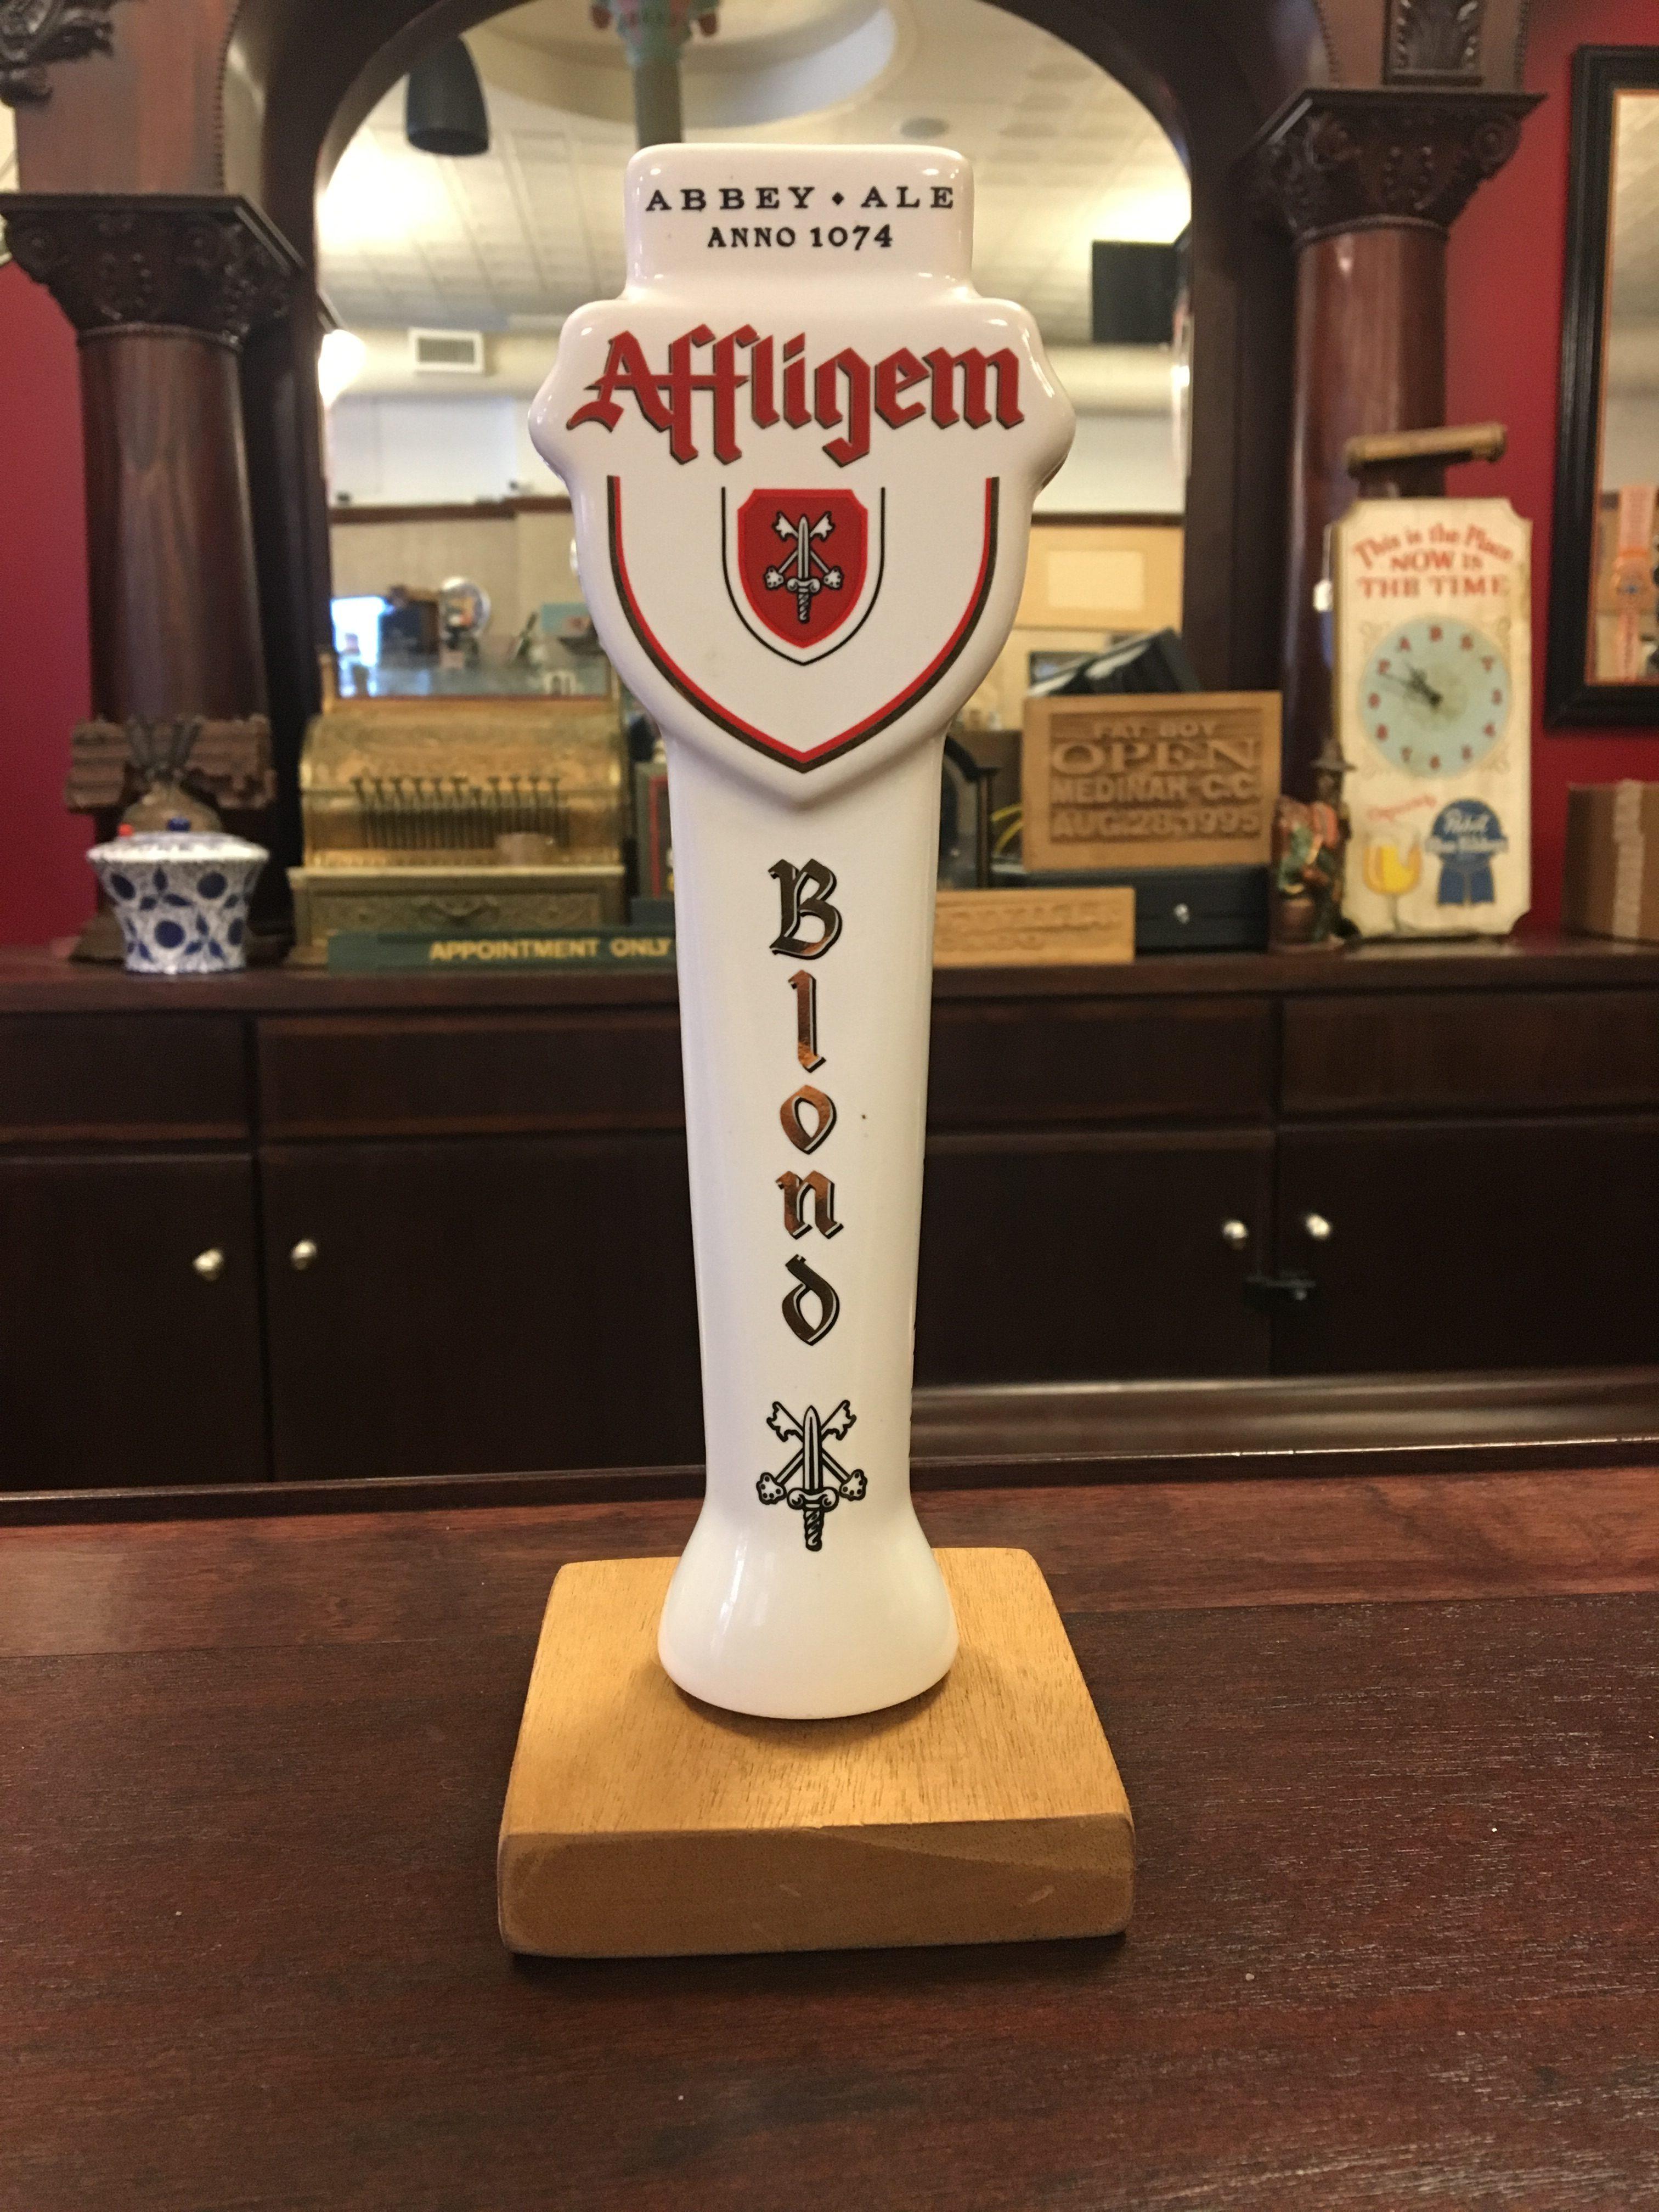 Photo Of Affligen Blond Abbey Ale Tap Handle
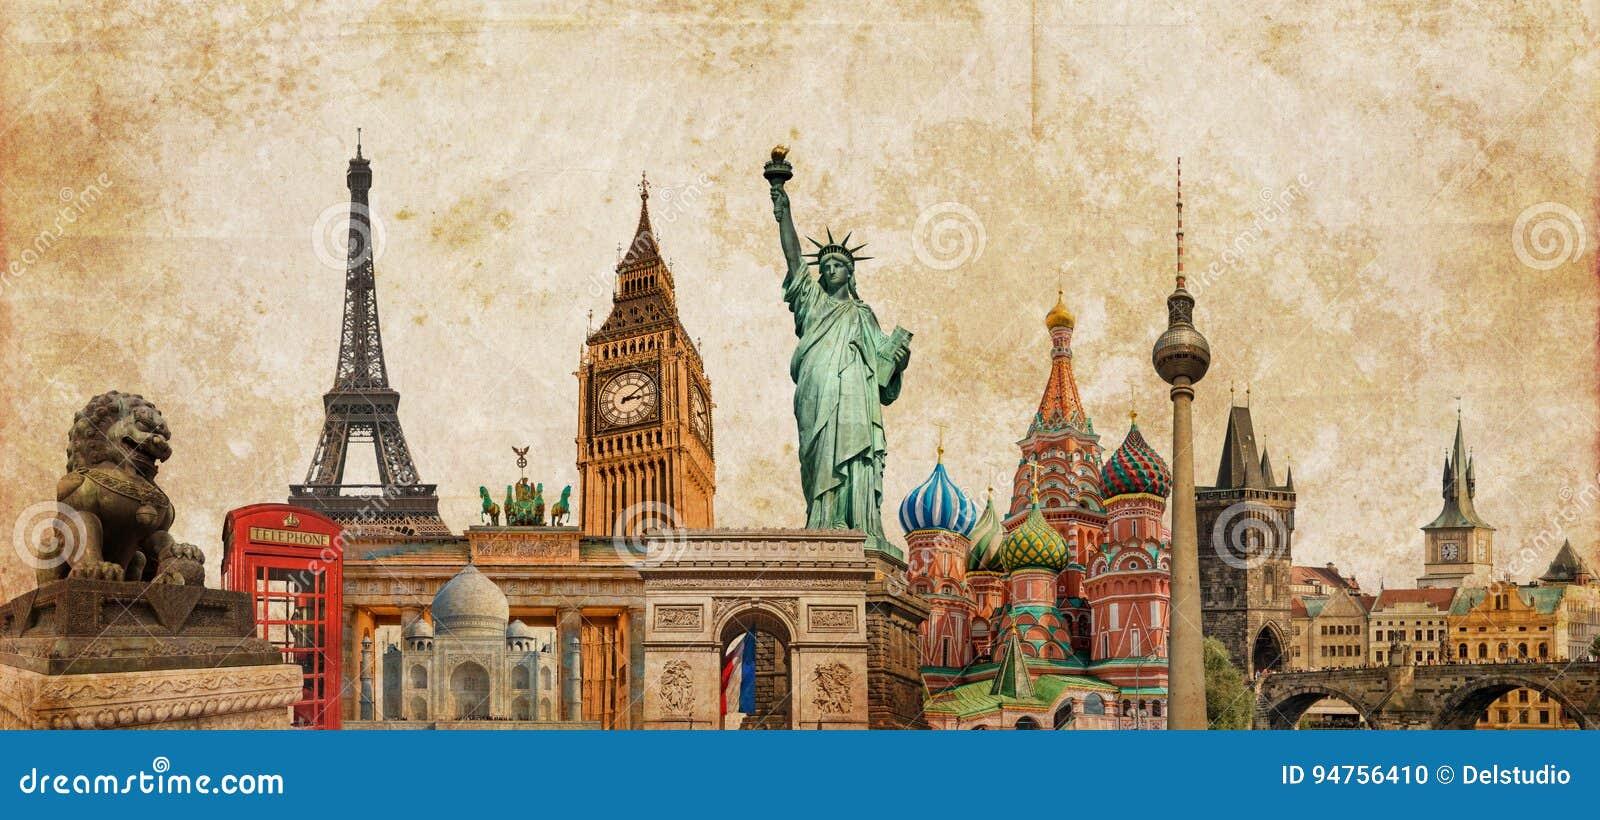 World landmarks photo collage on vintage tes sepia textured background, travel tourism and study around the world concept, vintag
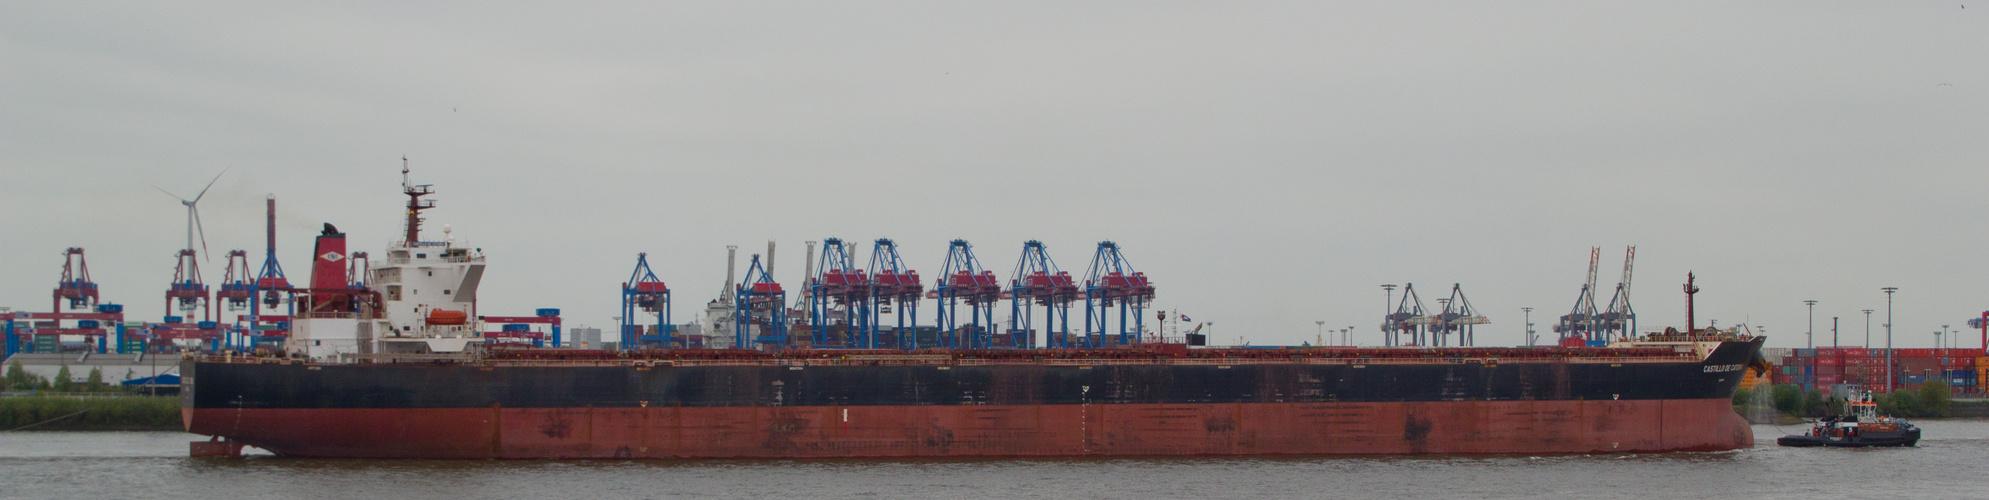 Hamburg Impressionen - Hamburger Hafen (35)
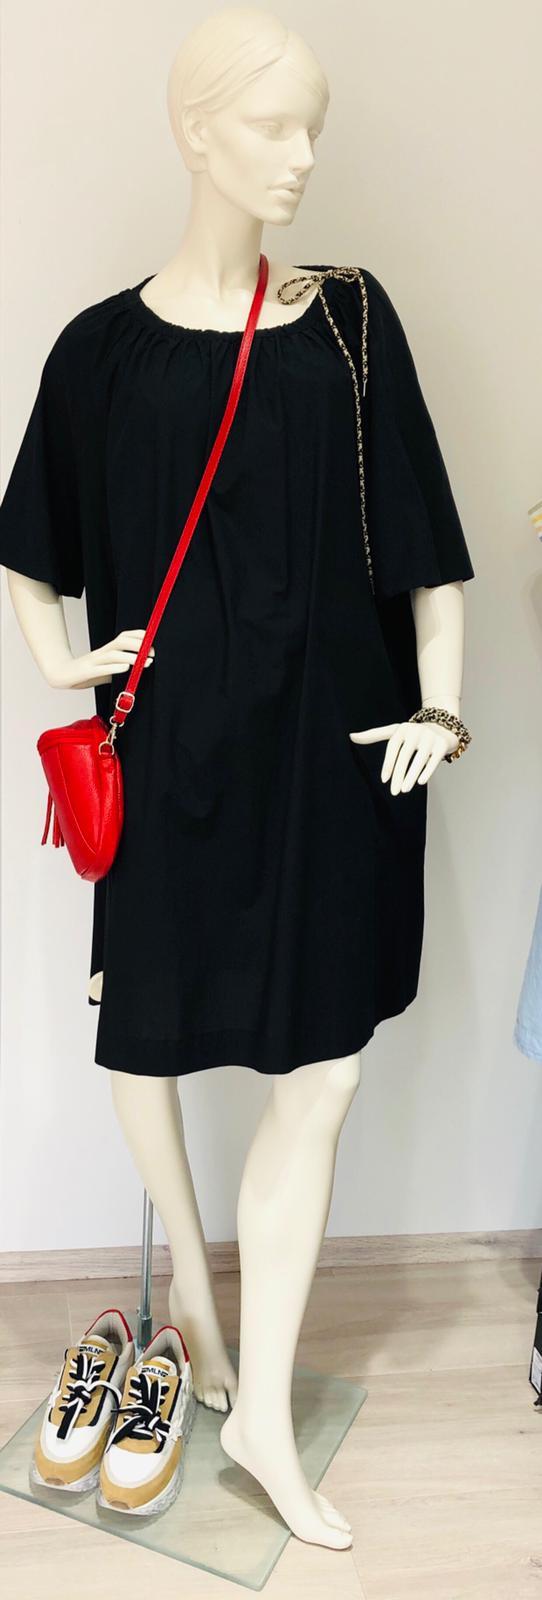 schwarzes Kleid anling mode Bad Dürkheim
----
Assigned task
Pictures must not appear in the copy, which must otherwise match the listing exactly.

Output for this exercise
 Photo Of Affligen Blond Abbey Ale Tap Handle
 World landmarks photo collage on vintage tes sepia textured background, travel tourism and study around the world concept, vintag
 Hamburg Impressionen - Hamburger Hafen (35)
 schwarzes Kleid anling mode Bad Dürkheim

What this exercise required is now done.